Abbildung 5 vergleicht die Entwicklung von beobachteter mittlerer Oberflächentemperatur und der rekonstruierten Dauer der Sonnenzyklen zwischen den Jahren 1700 und 2000. Obwohl es in der Vergangenheit eine signifikante Korrelation beider Signale bis etwa zur Mitte der 1900er Jahre gab, wird diese Korrelation nach 1950 komplett zugunsten einer anhaltenden Temperatursteigerung überlagert, die sich völlig unabhängig von der solaren Variabilität entwickelt.

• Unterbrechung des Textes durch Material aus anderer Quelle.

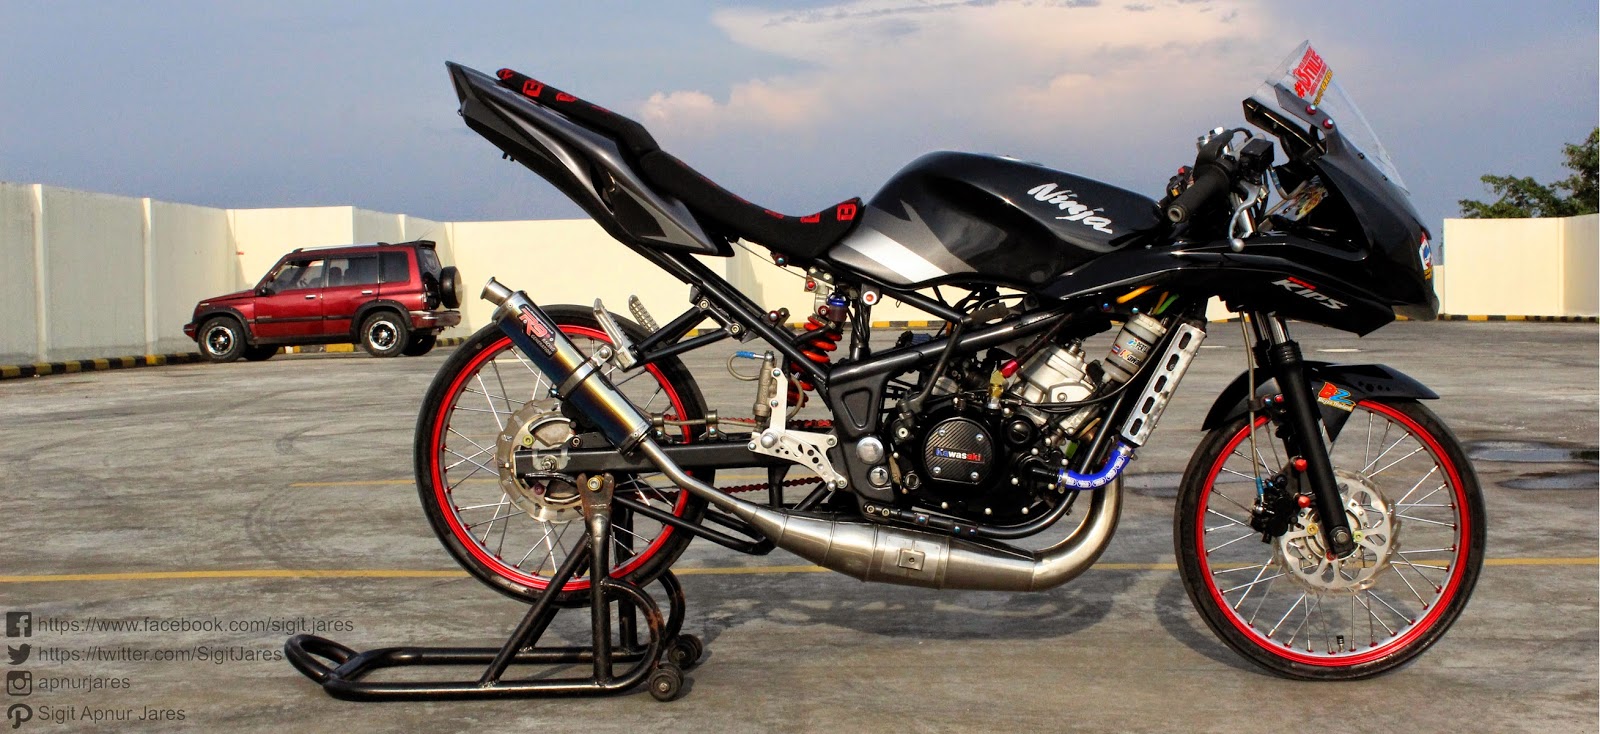 100 Gambar Motor Ninja Rr Thailook Terbaru Dan Terlengkap Obeng Motor
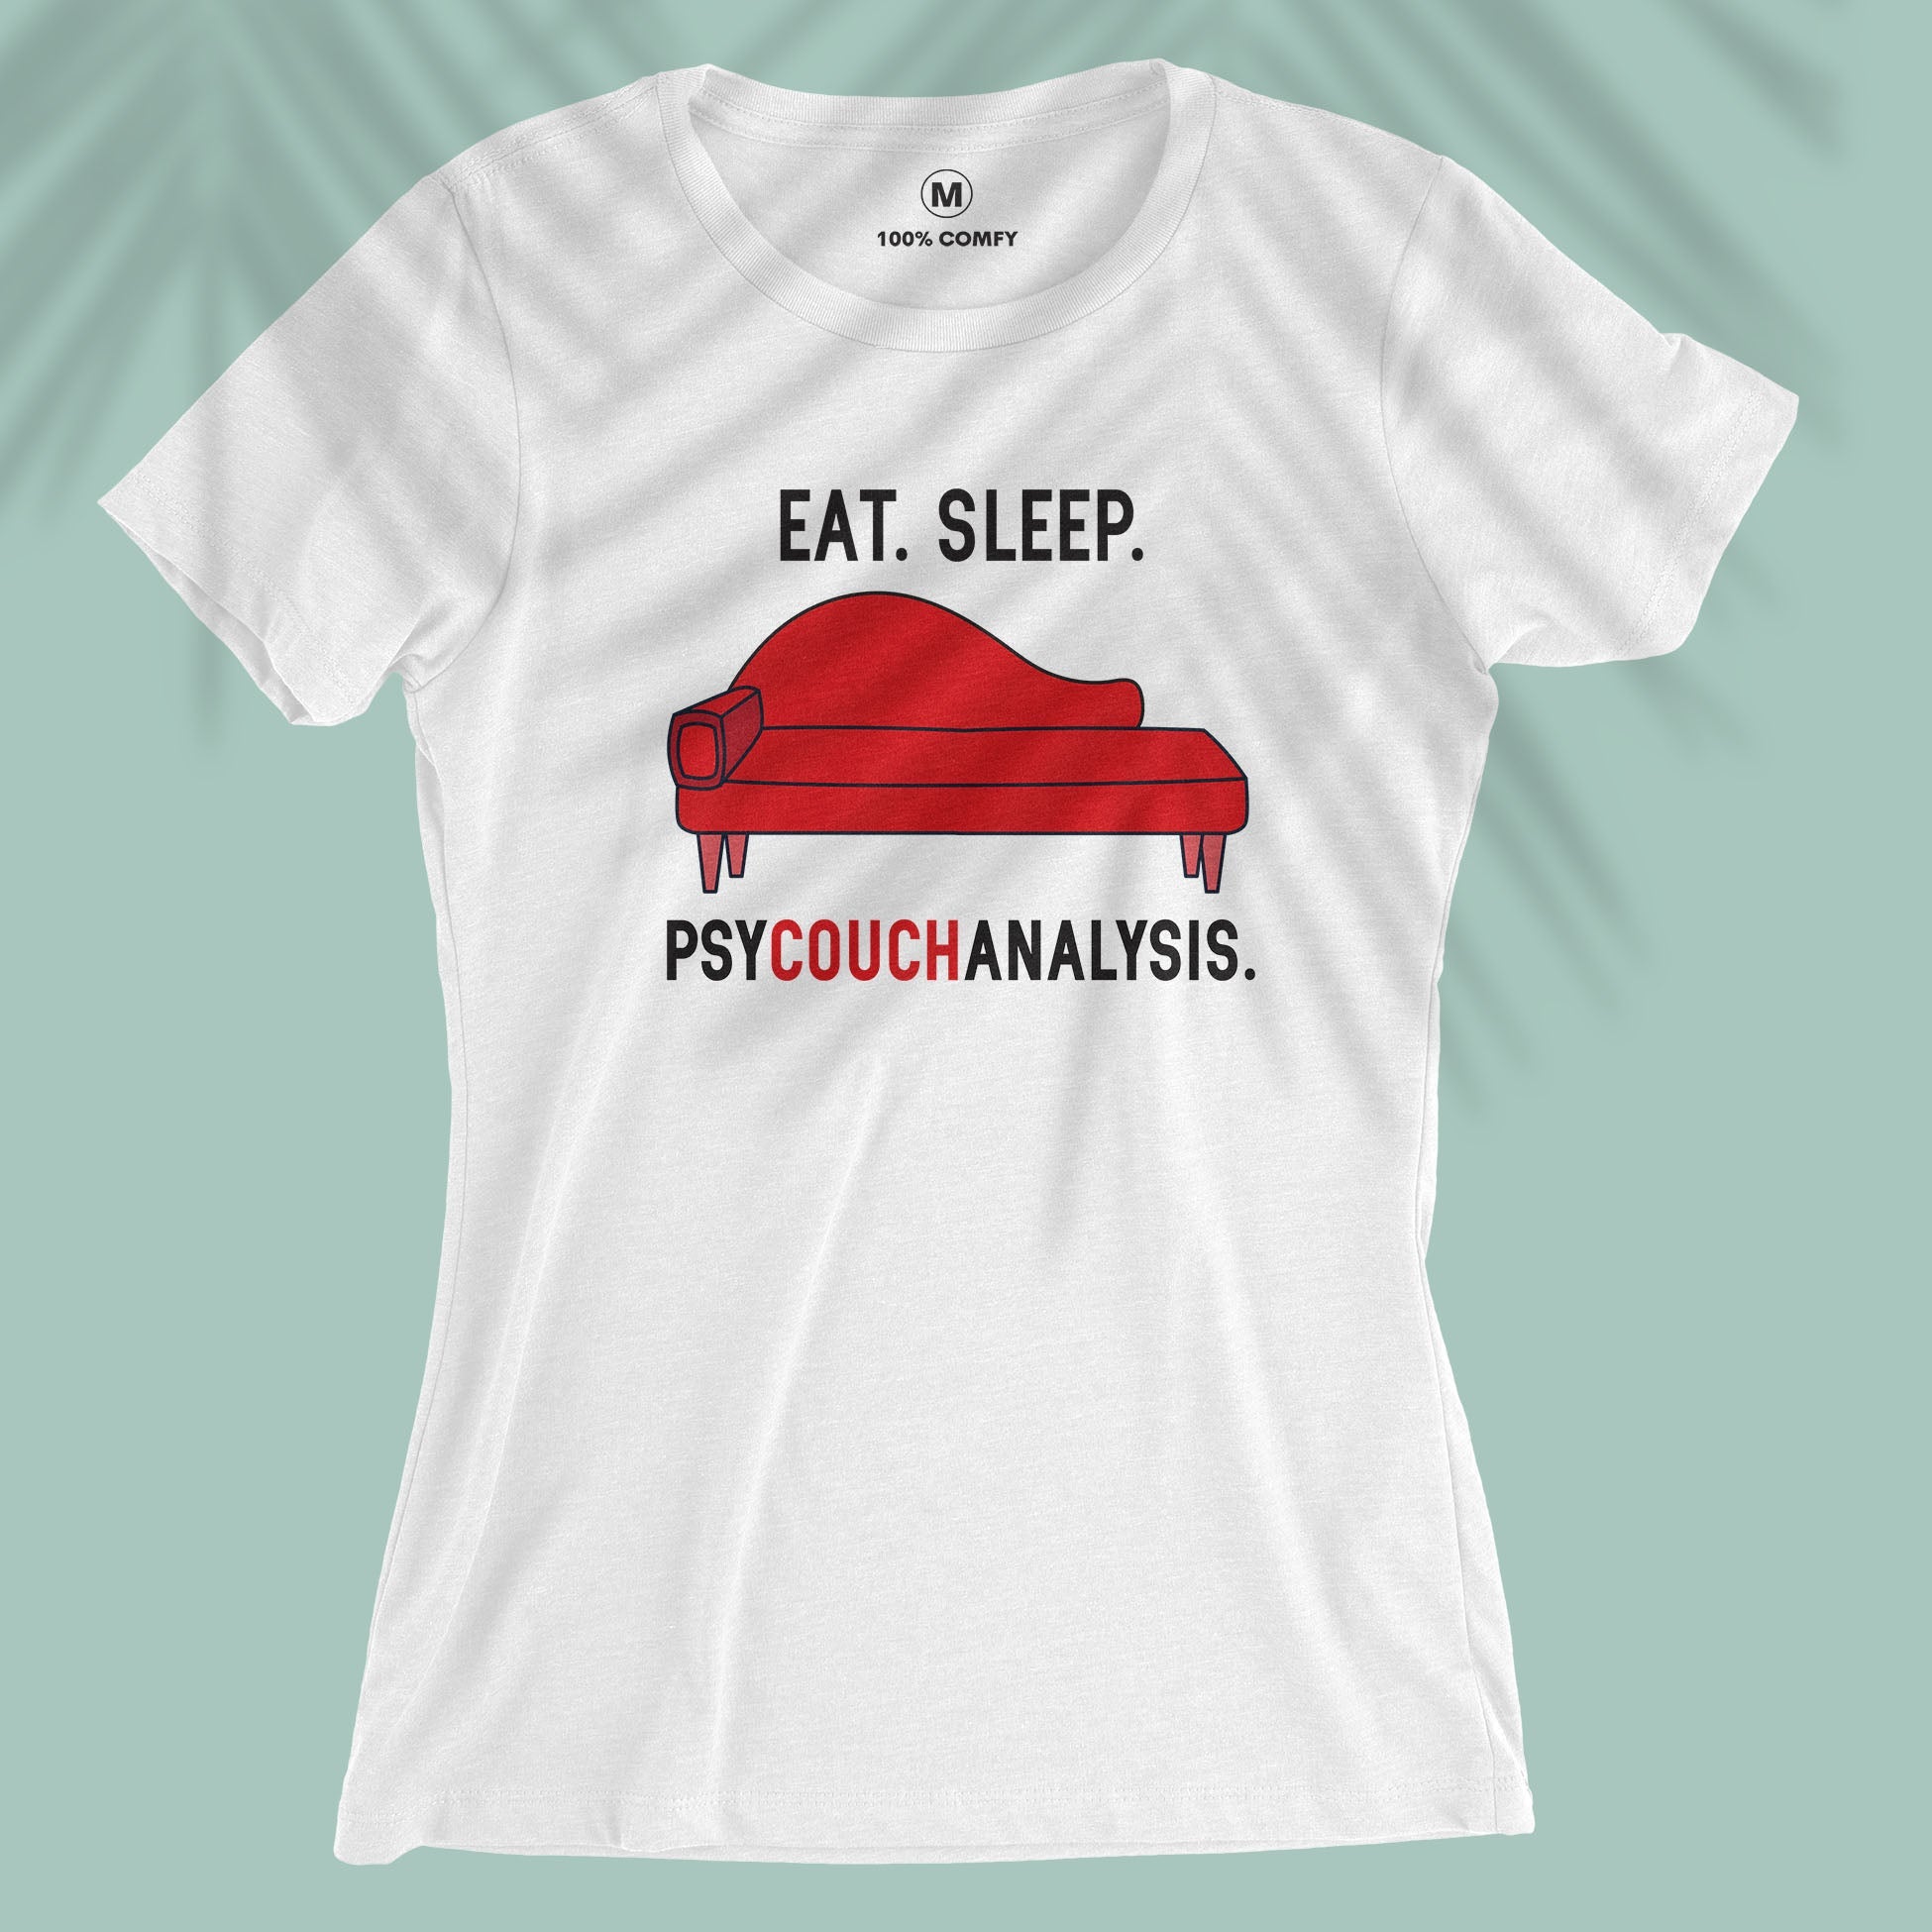 Psycouchanalysis - Women T-shirt

Abb. 5: Vergleich der globalen Temperaturanomalie und der Länge von Sonnenfleckenzyklen während der Zeit zwischen 1700 und 2000. Die deutliche Temperaturzunahme, die seit 1950 zu beobachten ist, entwickelt sich völlig unabhängig von der Dauer des Sonnenzyklus. Abb. 5: Vergleich der globalen Temperaturanomalie und der Länge von Sonnenfleckenzyklen während der Zeit zwischen 1700 und 2000. Die deutliche Temperaturzunahme, die seit 1950 zu beobachten ist, entwickelt sich völlig unabhängig von der Dauer des Sonnenzyklus.

Zusammenfassung

Schwankungen der solaren Einstrahlung haben das Klima insbesondere über lange Zeiträume in der Vergangenheit beeinflusst. Schwankungen der Sonnenaktivität waren wahrscheinlich Auslöser für die Abfolge von Eis- und Warmzeiten in einem typischen 100.000-jährigen Zyklus. Änderungen der solaren Einstrahlung beeinflussen direkt die obere Atmosphäre, aber die untere Atmosphäre und die Erdoberfläche dagegen nur unwesentlich. Kleine, indirekte Einflüsse, die sich aus der mittleren und unteren Atmosphäre fortpflanzen, sind allerdings möglich.

Obwohl die Sonne winzige periodische Schwankungen in der Oberflächentemperatur und in der Atmosphärendynamik verursachen kann, ist sie jedoch nicht in der Lage, die seit Beginn der Industrialisierung zu verzeichnende Temperaturentwicklung zu bewirken. Die beste Deutung ist demzufolge, dass der beobachtete Langzeittrend der Temperaturentwicklung aus der Zunahme von Treibhausgasen in der Atmosphäre resultiert. Diese Erklärung basiert auf bekannten und experimentell nachgewiesenen physikalischen Konzepten.